In 1973 our family moved to Greece from Rota, Spain. After a short time in temporary quarters in Glyfada we moved into a house in Ekali that had beautiful rose bushes and numerous fig trees. Ekali was a suburb of Athens and was also where the K-8 th grade DODDS Ekali Elementary School was located. My sister Lauren and I attended this school for the 1973-1974 school year and our dad, Rocco Trecosta, was an elementary school teacher.
From our home we could either walk to the school via a path through the woods or we could ride with Dad to school. I don’t recall that a bus came into our neighborhood, but I can’t be certain.
The school was not on a military base, like every other DODDS school we had attended. It was on the main road through Ekali and even more unique was that it used to be a hotel. The lower grades were on the ground floors in an open classroom style in the various former lobbies and nooks & crannies of the hotel. There were lots of windows and an elevator. The middle school grades were on the upper floors and stretched through the various hotel rooms where the dividing walls had been removed. The lockers were in the hallways. The playground was in the ravine on the backside of the building. Tetherball was still my go-to playground activity.

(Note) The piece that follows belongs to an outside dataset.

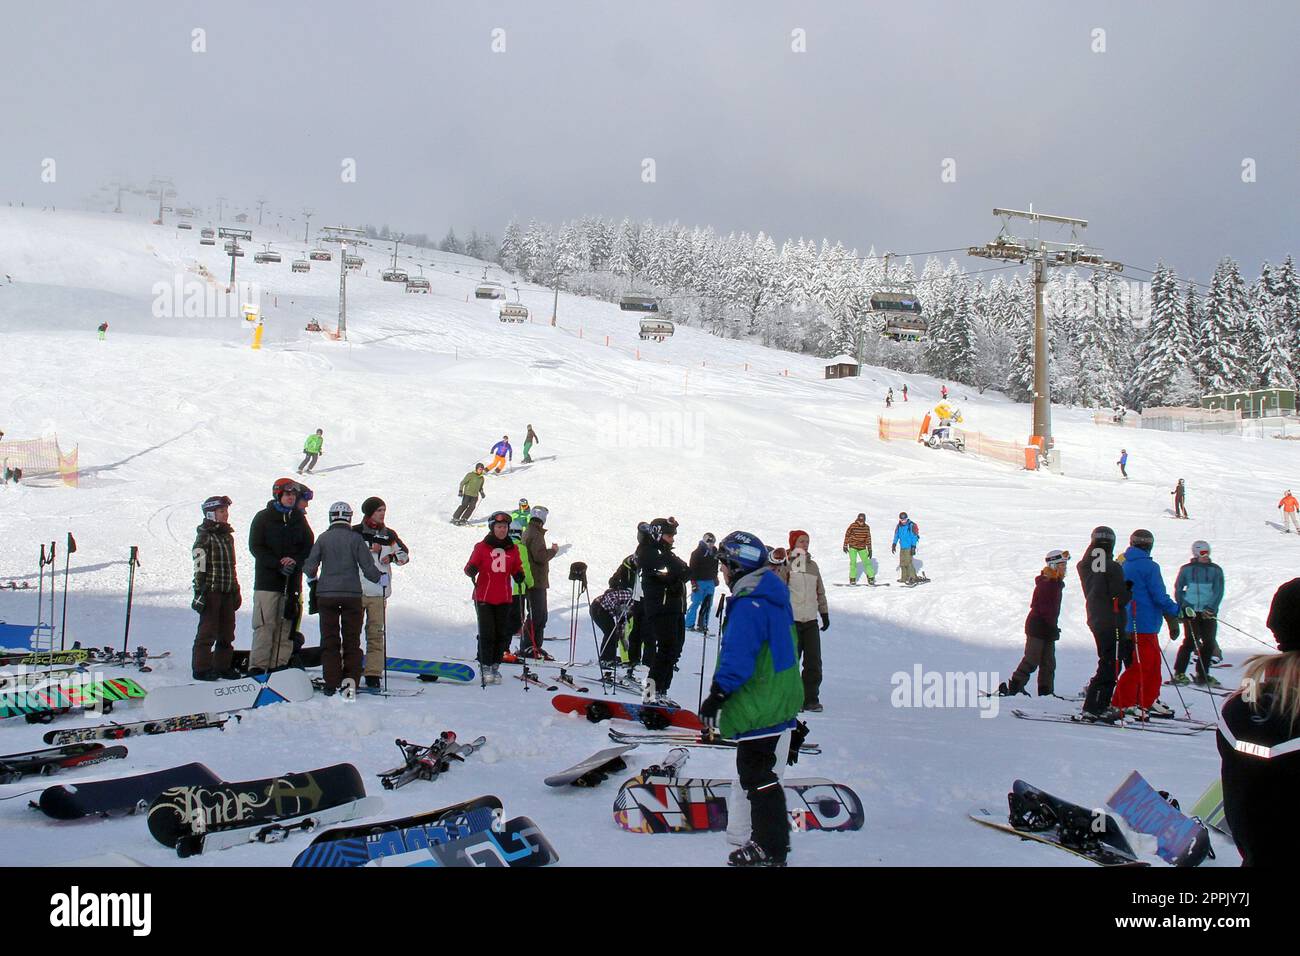 Kontraste - Traumhafte Wintersportbedingungen am Feldberg - Aufnahme aus dem Wintersport-Paradies Feldberg (Landkreis Breisgau-Hochschwarzwald) vom 0 Foto Stock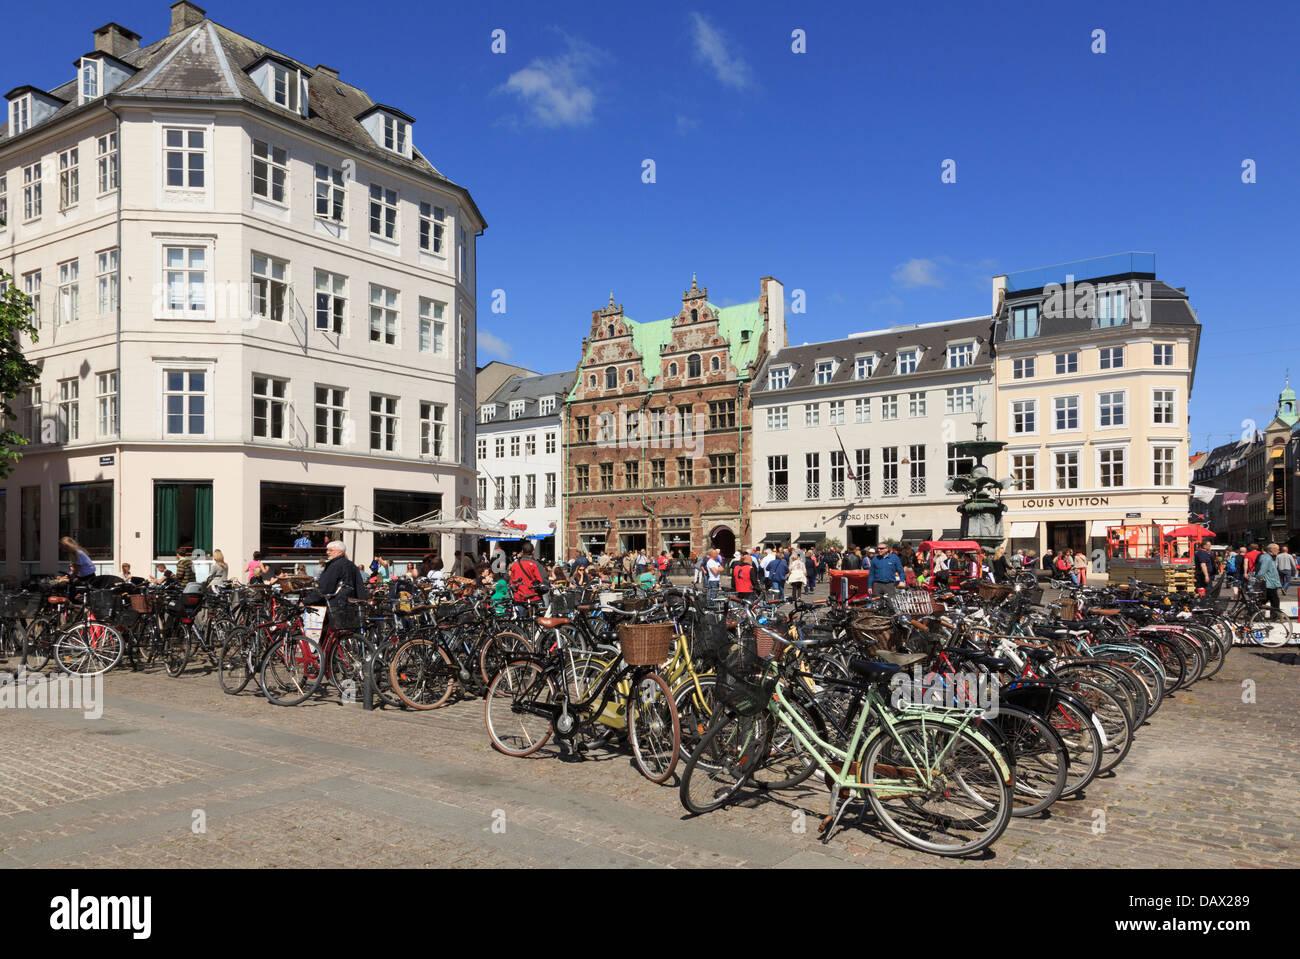 Molte biciclette parcheggiate in Hojbro Plads con la vecchia piazza Amagertorv al di là. Copenaghen, Zelanda, Danimarca e Scandinavia Foto Stock

Dad usually bounced around teaching various elementary grades and I’m not sure which grades he taught in Greece. I do recall he continued his tradition of hosting classroom plays so all the students had an opportunity to be the shining star. Mr. John W. Murphy was the principal and he & our dad had much mutual respect for one another. My sister Lauren was in the 5 th grade and presumably I rotated classrooms in the 7 th grade, as I don’t remember a specific teacher. Lauren remembers that basic Greek was taught and that she wondered how she would ever use words like king, throne, or frog.
The school downsized the following school year (1974-1975), eliminating the 8 th grade. Both Lauren & I switched to the Ursuline School, our first experience outside of a DODDS school. We then transferred to Livorno, Italy in 1975 and attended Livorno American High School at Camp Darby.
As kids we hung out at the Ekali Club (swim & tennis) and at the American Club (movie theatre, pool, community center) in Kifissia. We saw the show Up With People at a Greek amphitheatre, and traveled to see the sights in the city of Athens, the Greek countryside and islands.
During the time we lived in Greece, there was an uprising in a local university during a time of prolonged political unrest, there were tensions between Greece and Cyprus, and there was significant anti-American sentiment. During one particular tense moment we could hear the Army tanks rolling in through the main streets and many of the Greek American boys in my sister’s 12 th grade class at the American Community School were concerned about getting drafted. While we lived in Greece there were some car bombings of cars owned by Americans. The cars were easily identifiable because of the license plates. Dad used to put mud on our license plates to obscure the American tags.